Although the 430,000-square-foot building will contain classrooms, a bookstore, and cafeteria and hangout spaces, it will be devoted primarily to administrative offices and a library with integrated study zones. “We wanted to get these two program parts very clear,” says Cornelius Schlotthauer, project architect and one of two heads of the firm’s Hamburg studio. “We created basically two volumes within this space, and they shift around each other to define an internal open space.”

The two volumes appear freestanding, but actually form a canted, six-story polygonal structure largely comprising four reverse-tapered trapezoidal cones of structural concrete. In order to suggest that the administrative and library volumes occupy separate volumes, the exterior of the library-programmed space will be clad in fiberglass-reinforced concrete panels that are darker than the offices’ skin. Schlotthauer adds that the color scheme accentuates the library’s cantilevering top floors.
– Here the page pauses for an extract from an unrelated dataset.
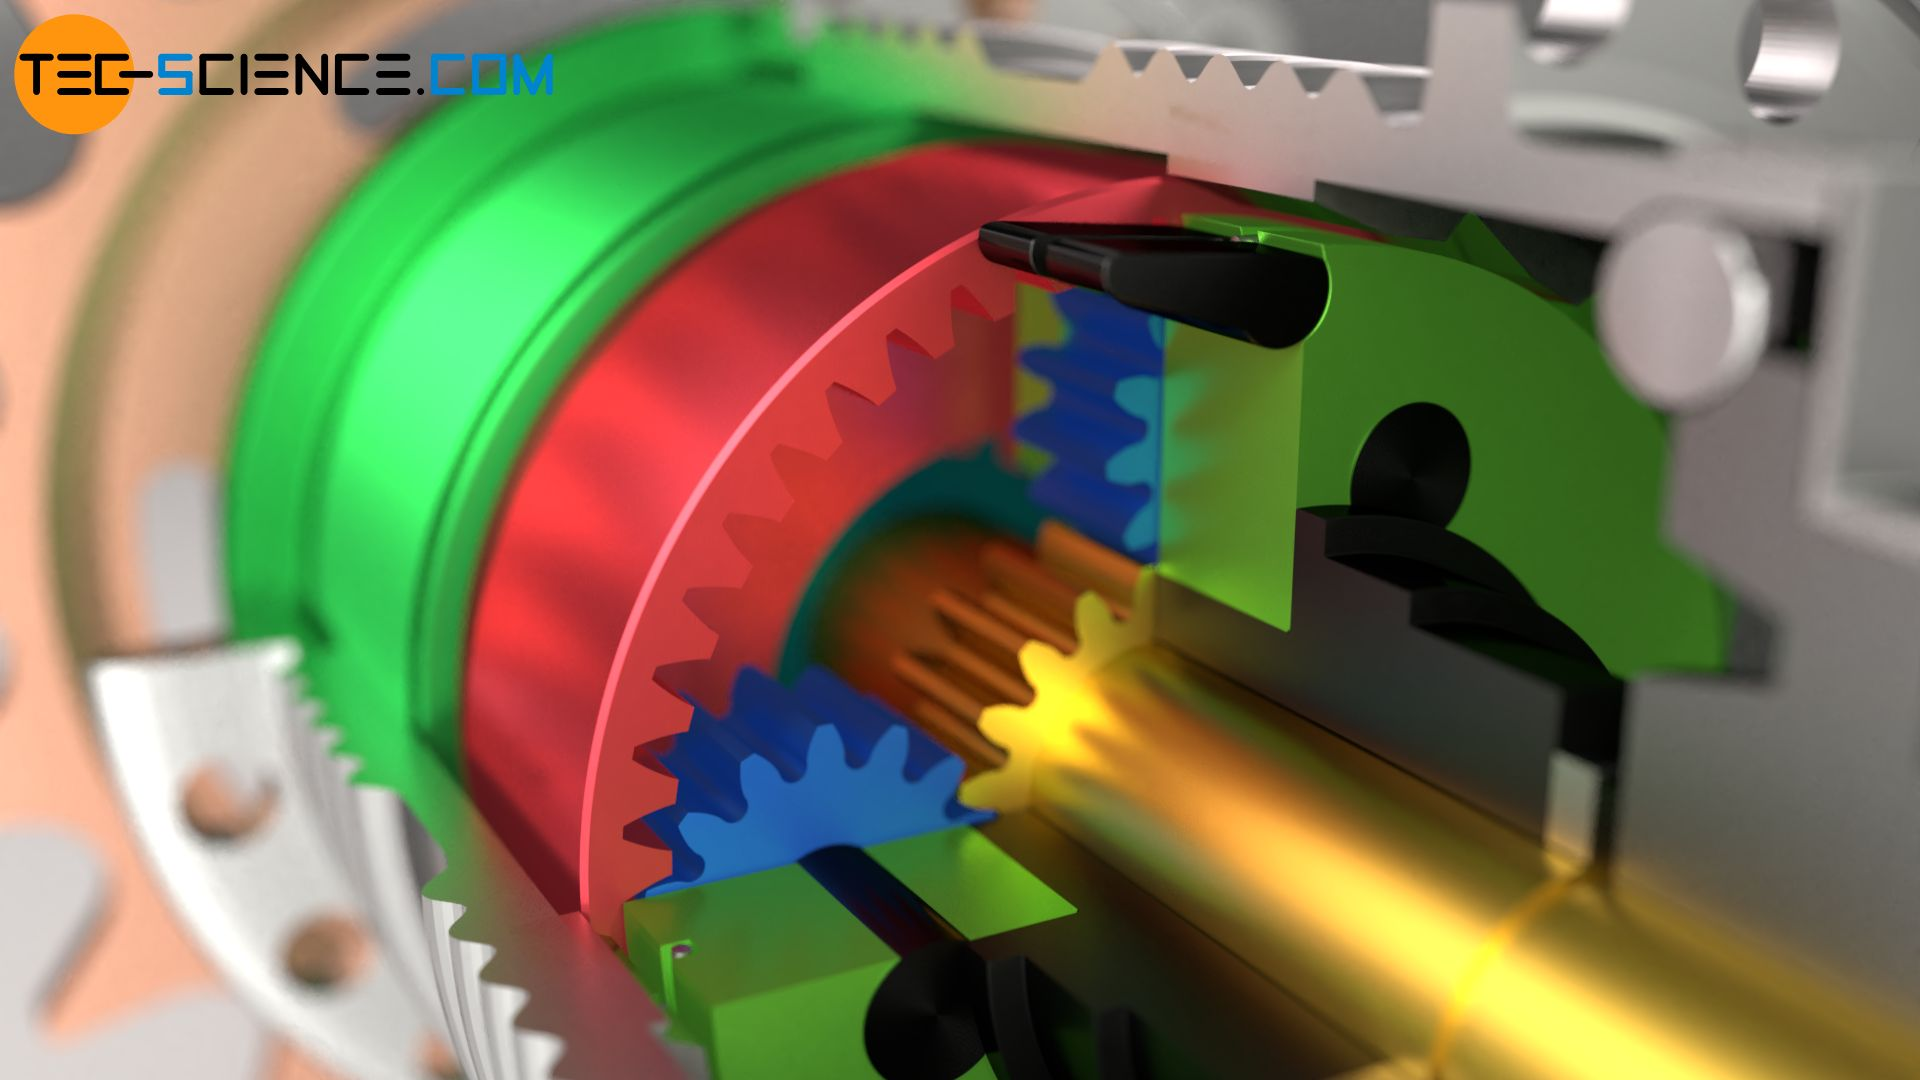 Ring gear of the planetary gear unit of a three-speed internal-gear hub

Inside, the winning design articulates the distinction by distributing rooms into seemingly disparate volumes—as if programs occupy different towers, or, as Schlotthauer calls them, “canyons.” The gesture evokes the concrete cones framing the composition, introduces a curvilinear vocabulary that contrasts with the facade’s straight edges, and yields a large public atrium.

The Library and Learning Center should be completed in 2012. It is one of five buildings that will make up the new campus, according to a master plan conceived by local design studio BUSarchitektur.